→ **PROVIDED INFORMATION**:
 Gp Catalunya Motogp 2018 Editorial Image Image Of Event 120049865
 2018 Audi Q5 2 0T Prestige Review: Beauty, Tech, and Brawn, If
---
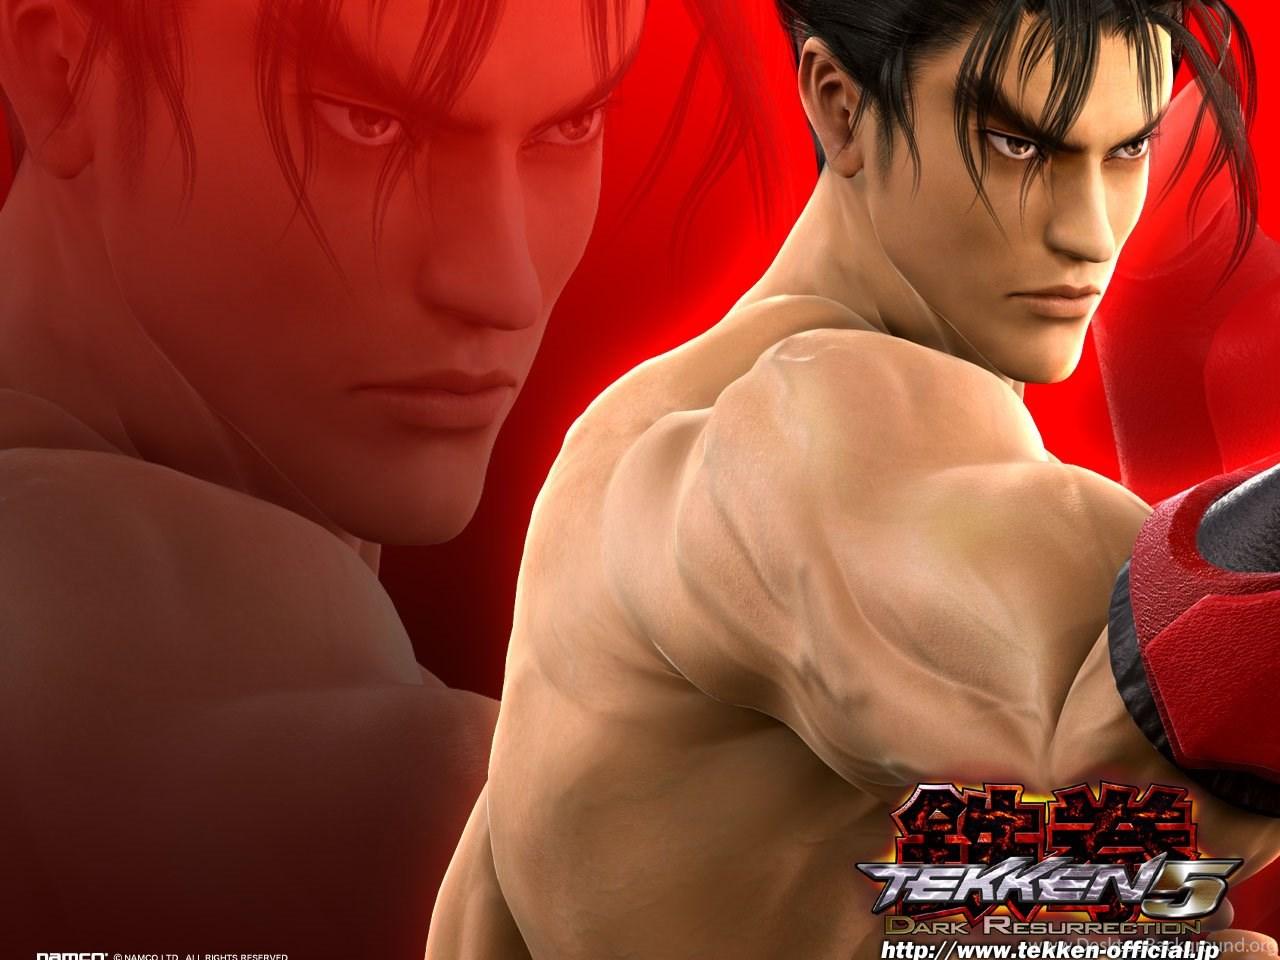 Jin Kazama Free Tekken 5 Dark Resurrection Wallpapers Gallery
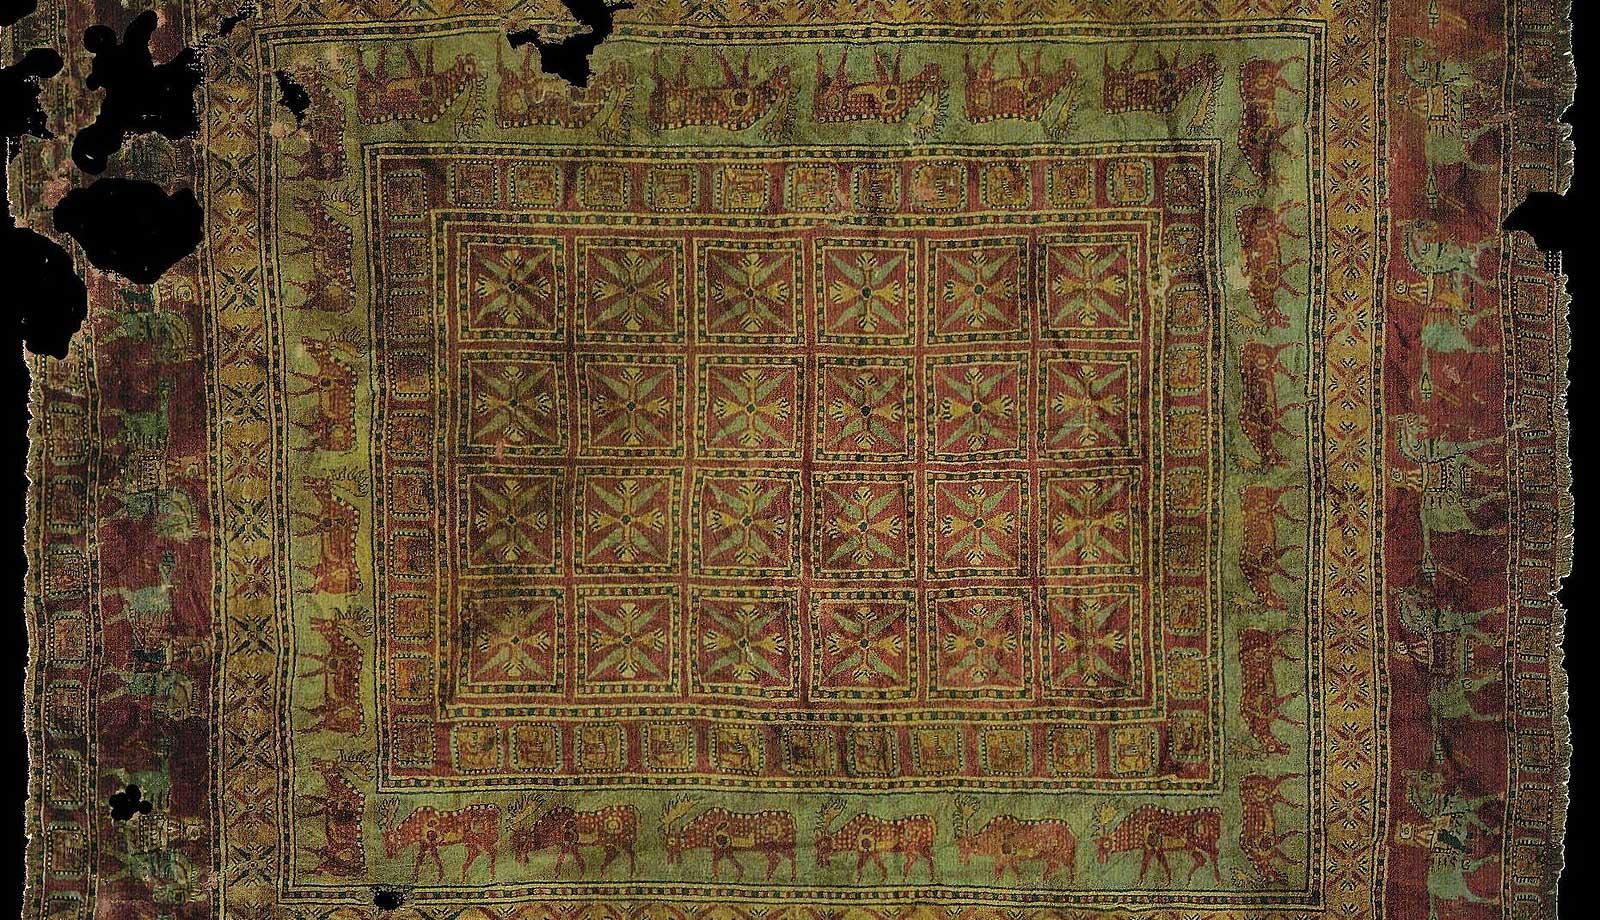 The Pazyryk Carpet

→ **WHAT THE EXERCISE ASKS**:
Beginning at the line with "Gp Catalunya Motogp" and ending at the line with "2018 Audi Q5", reproduce each line of the data above exactly, and add no other lines.

→ **ANSWER SECTION**:
 Gp Catalunya Motogp 2018 Editorial Image Image Of Event 120049865
 2018 Audi Q5 2 0T Prestige Review: Beauty, Tech, and Brawn, If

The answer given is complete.